Сходить сегодня в Исполком: Яловецкого и Жданова.


<Газетная вырезка> Известия № 9. Луначарский о марксизме:

«Ведь совершенно ясно, что буржуазная наука, т. е. западная наука, отпрыском которой была и наша, была искалечена, была искажена в угоду интересам буржуазии, ибо она отвергала такой выход из всего развития подлинной научной мысли, как марксизм, вывод, являющийся не только краеугольным камнем в построении нового обществоведения, но и приводивший к новому миросозерцанию, дававший для всех наук новый гносеологический подход. Для нашего времени наука без марксизма — это все равно, что церковное миросозерцание в эпоху отвергнутого Галилея.
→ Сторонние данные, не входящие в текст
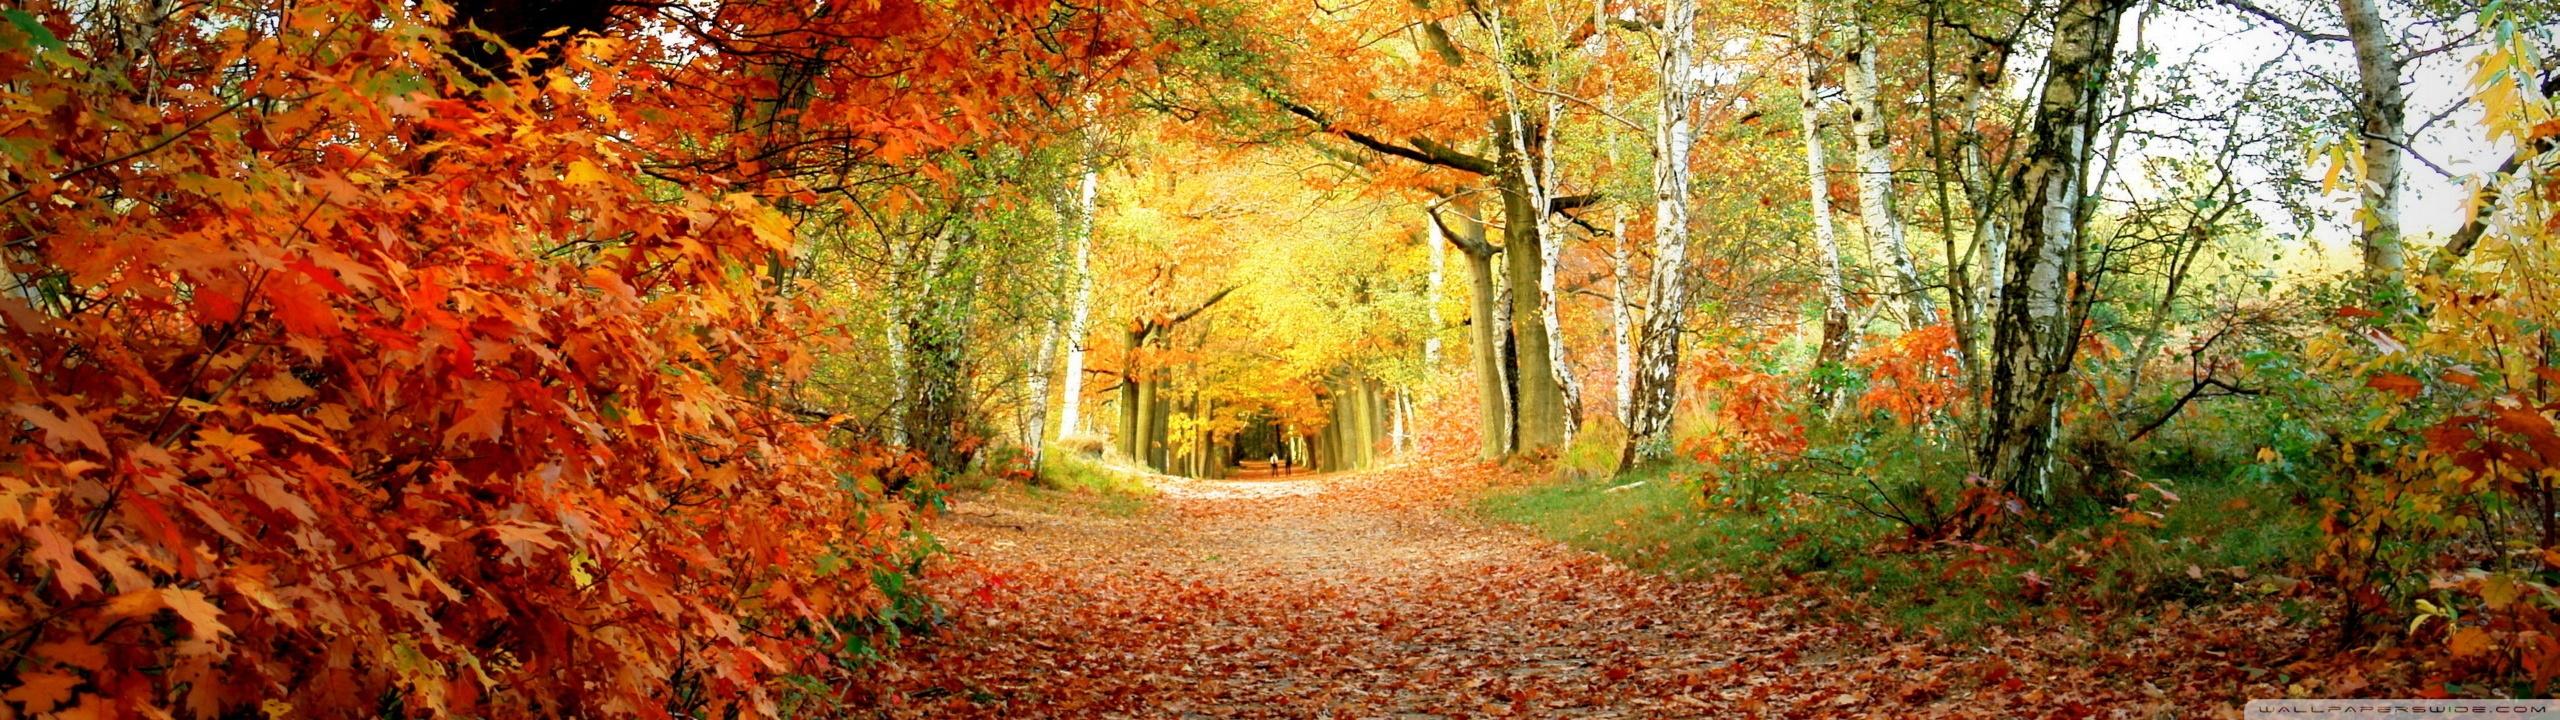 Foliage Wallpaper 35458 1920x1080 px

Это попросту полунаука».


<Вырезка> Луначарский о крестьянстве:

«Борьба наша с этими элементами происходит в обстановке, когда имеется еще и третий враг, — самый дух темноты, косности, мещанства, безлико рассеянный по всей нашей стране. Сами носители этого духа очень часто не являются сознательными врагами; они представляют собой как бы пассивный объект, на который вздеваются, с одной стороны, новые пролетарские мысли, а с другой — старые, обывательско-собственнические. В этой среде, конечно, происходит расслоение. Из нее постепенно выделяется значительный массив, который уже более или менее сильно освещен лучами социалистической зари, дальше идет то, еще не дифференцировавшееся «болото», которое спит или медленно колеблется своими тяжелыми волнами то в одну, то в другую сторону. А еще дальше — мещанин, определенно злобный мещанин, тяготеющий к нэпману и кулаку.

Это относится, конечно, в первую очередь именно к индивидуалистическому крестьянскому хозяйству. Эти процессы ввиду массовости деревни, ее исключительной роли в общем нашем хозяйстве, имеют для нас особый интерес. Борьба происходит напряженная. Каждый раз, как мы встречаемся с обострением трудностей, обостряется и эта борьба. В нынешний момент, когда громаднейшие и труднейшие задачи борьбы за урожайность, связанные с социалистической реконструкцией деревенского хозяйства, встали перед нами грозно, мы замечаем оживление среди наших классовых врагов, попытки использовать эти трудности в своих целях и дать энергичный бой, который сорвал бы наше продвижение в деревне».


Не надо пугаться ни такого марксизма, ни такого крестьянства. Все гораздо проще. Формировка государства истощает граждан, и они вопят. Идеи бессильны. Вопрос о хлебе. Зло крестьянства: их местные интересы. Уступить — все разберут, города вымрут. Прижимать — останутся без хлеба. Уступить идею Ленина — все уступить.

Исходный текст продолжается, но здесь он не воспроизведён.